Van glycerol en citroenzuur kun je een polyester maken die pas écht goed biologisch afbreekbaar is. Binnen een paar jaar is het weg, melden UvA-onderzoekers Albert Alberts en Gadi Rothenberg.

In een persbericht wist de universiteit het nieuws zó overtuigend te hypen (citaat: ‘bij massaproductie leidt dit niet tot plasticsoep in de oceanen…’) dat het vandaag (25 februari) de voorpagina van het Parool haalde.

Dat het wondermateriaal bestond, zong al langer rond. Maar tot nu toe was de samenstelling geheim. Pas vorige week werden de drie belangrijkste octrooien ( EP2697293, EP2697294 en EP2697321) openbaar en kon worden onthuld dat het een polyester is van een alifatische polyalcohol en een tricarboxylzuur. Lees: glycerol en citroenzuur.
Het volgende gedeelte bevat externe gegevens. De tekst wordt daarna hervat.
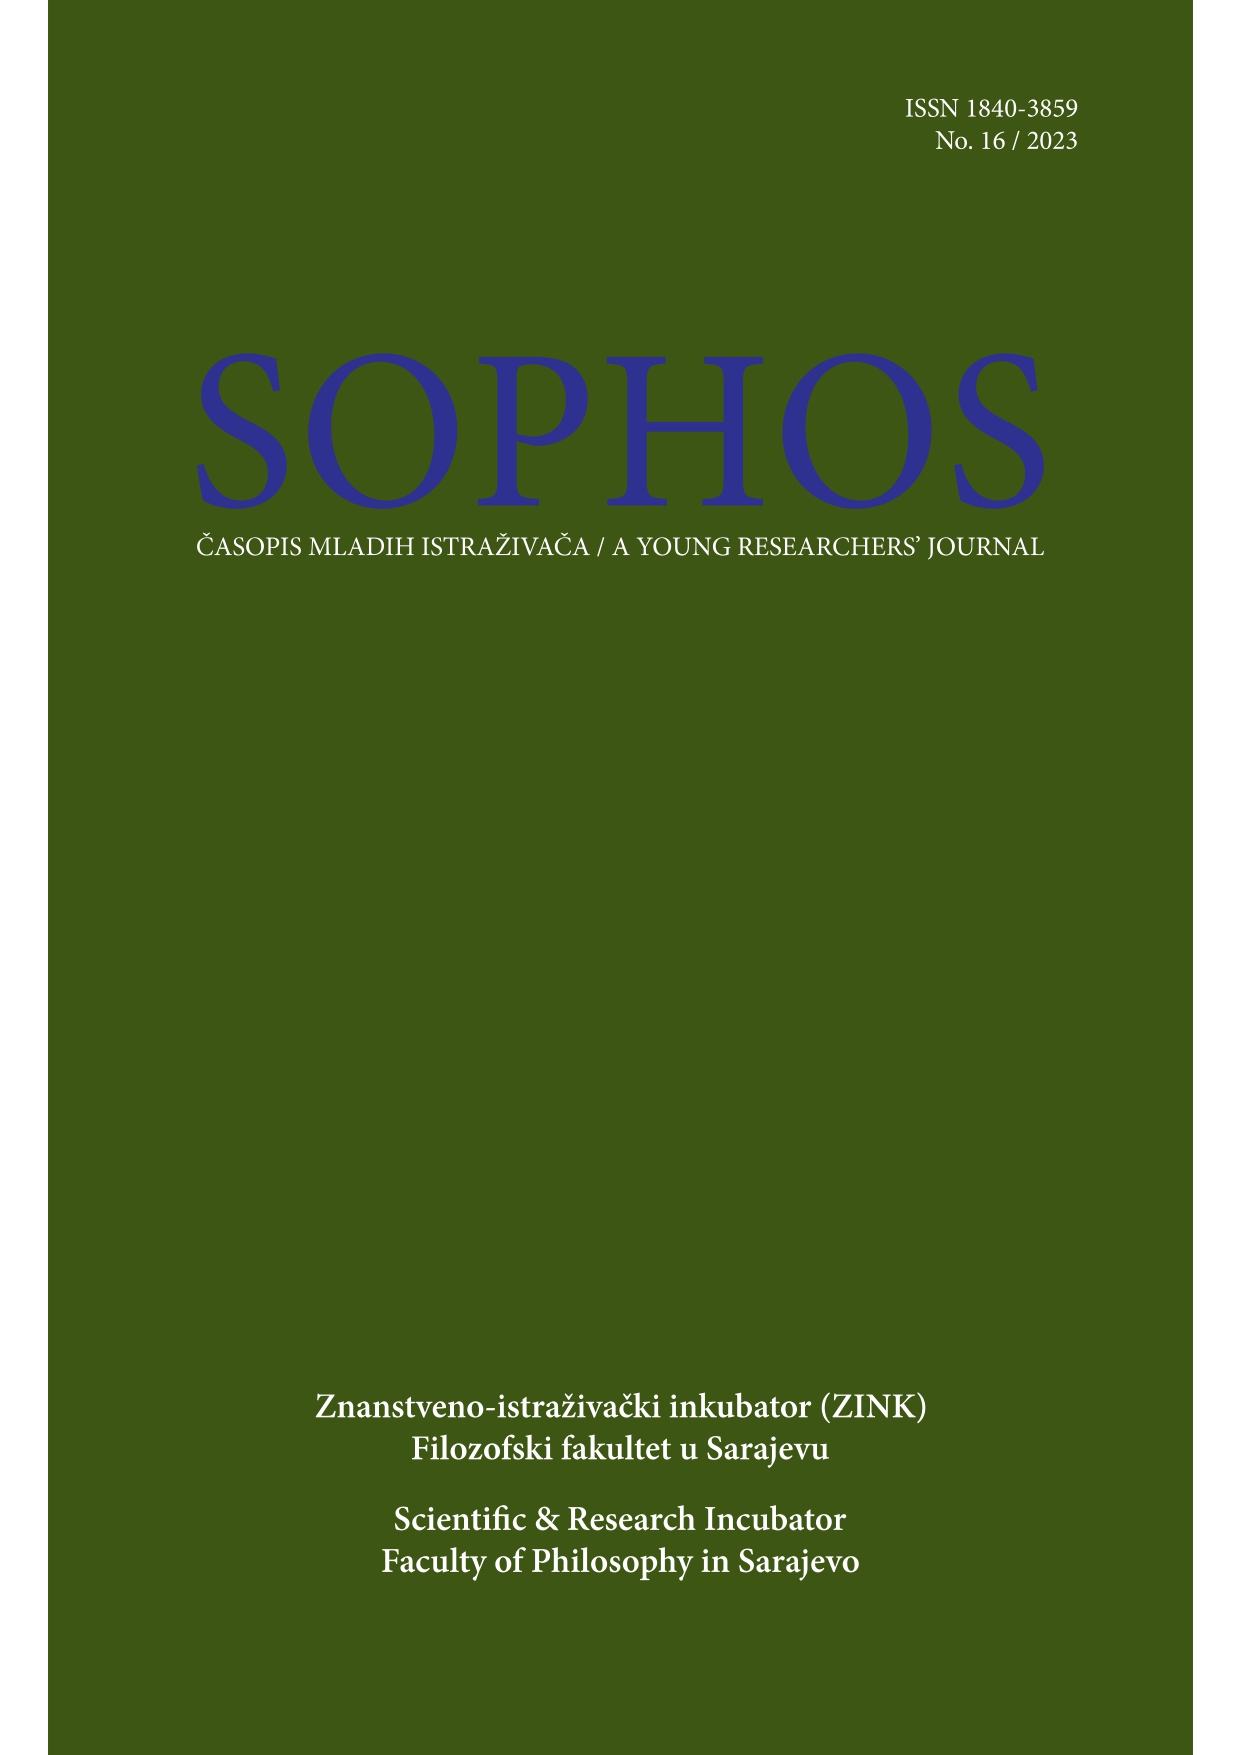 Ivo Komšić (2023): Fenomeni socijalne pulsacije Cover Image
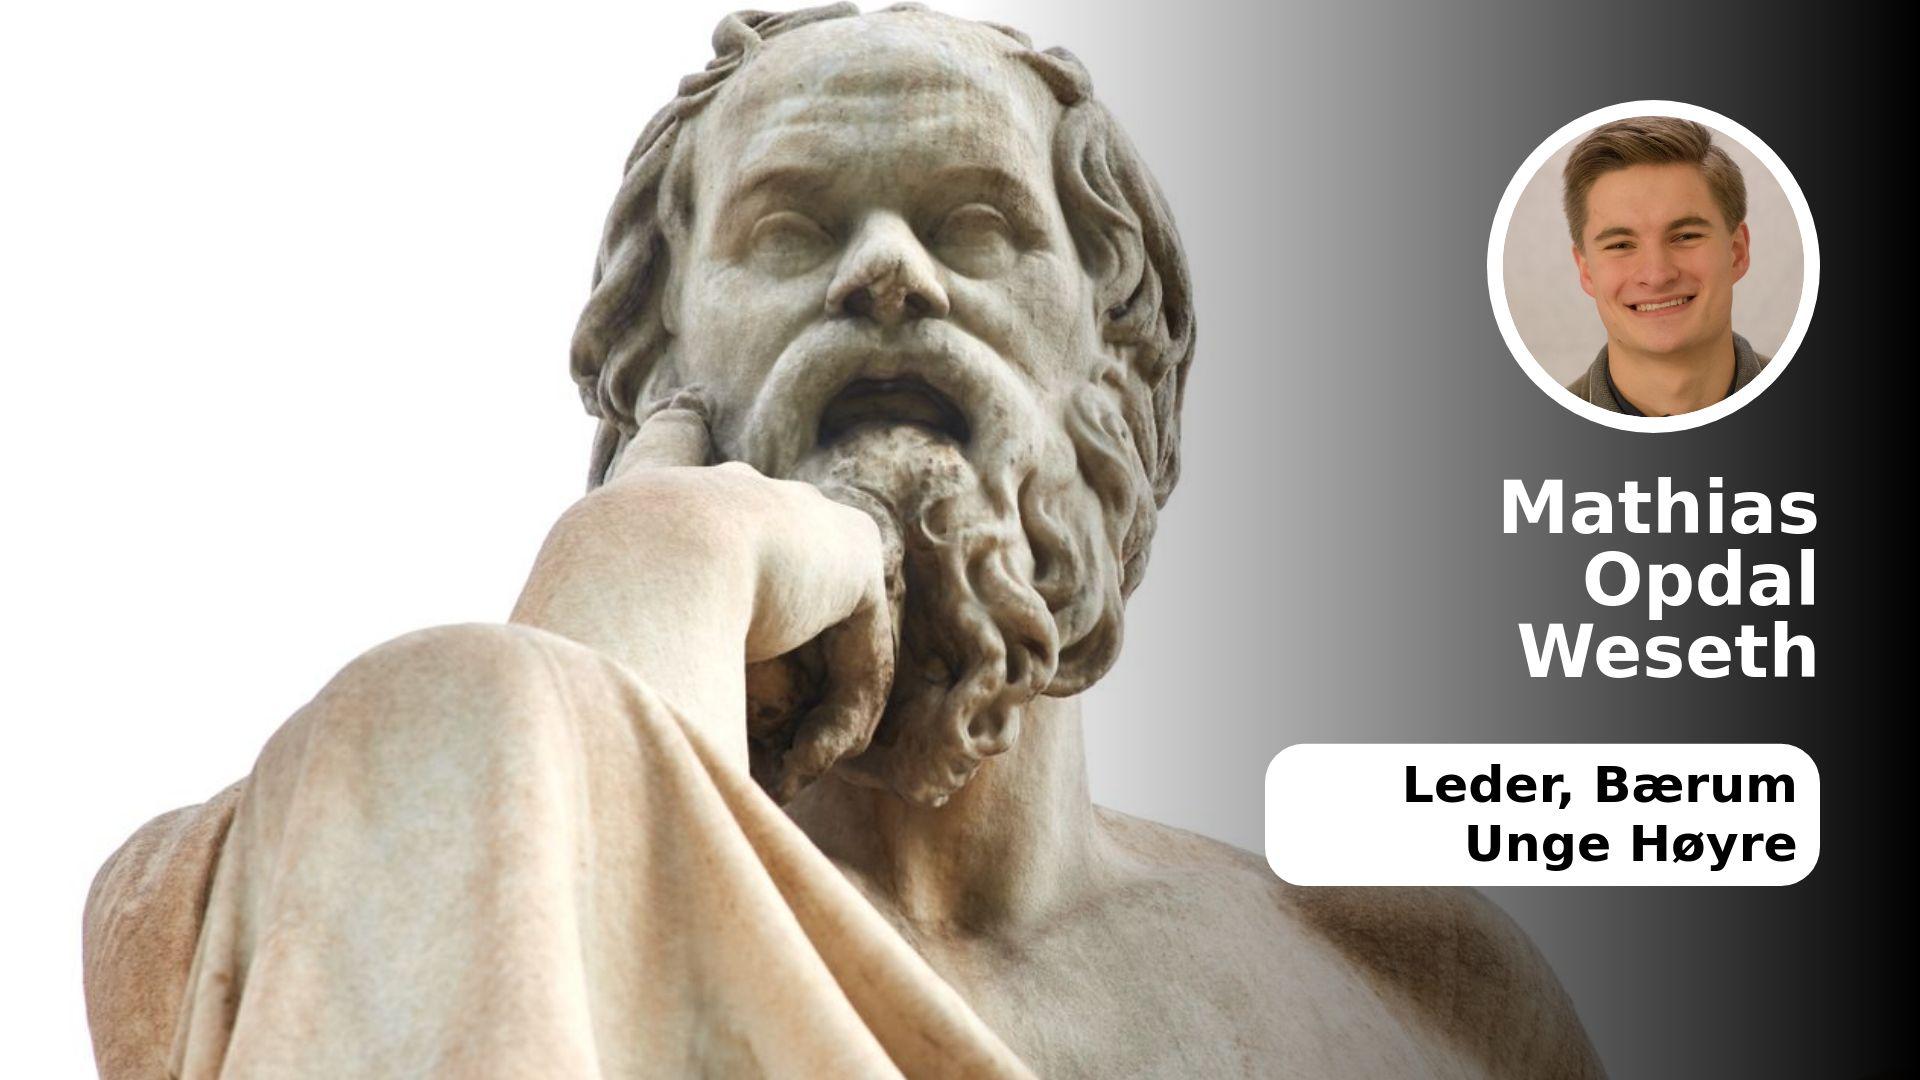  Alt fra antikkens filosofi, her representert ved en av Athens Sokrates-statuer, til moderne fysikk skal pugges, skriver artikkelforfatteren.

De octrooien verraden dat het polyester vooral dient als bindmiddel. Je kunt het vermengen met een hoog percentage glas-, koolstof- of houtvezels, of het als lijm gebruiken in multiplexplaat. In het persbericht wordt uitgelegd dat je er ook glas of metaal mee kunt verlijmen. Collega’s van de Hogeschool van Amsterdam hebben op deze manier al een tafel geproduceerd die ze zojuist aan het gezamenlijke college van bestuur cadeau hebben gedaan.

Volgens Alberts kun je het zelfs vermengen met conventionele polymeren, die daardoor ook enigszins biodegradeerbaar worden.

Die snelle afbreekbaarheid wordt voornamelijk veroorzaakt doordat het polyester langzaam oplost in water (vandaar dat de bovenste laag van die tafel uit een glazen plaat bestaat). De monomeren zijn puur natuur, en dus nauwelijks belastend voor het milieu.

Rothenberg en Alberts, eigenlijk katalyse-experts, ontdekten het per ongeluk toen ze werkten aan de synthese van biobrandstoffen. Ze verwachten dat de uitvinding, die de naam Glycix heeft meegekregen, binnen twee jaar klaar kan zijn voor industriële toepassing,. Mits een commerciële partner wordt gevonden die het aandurft.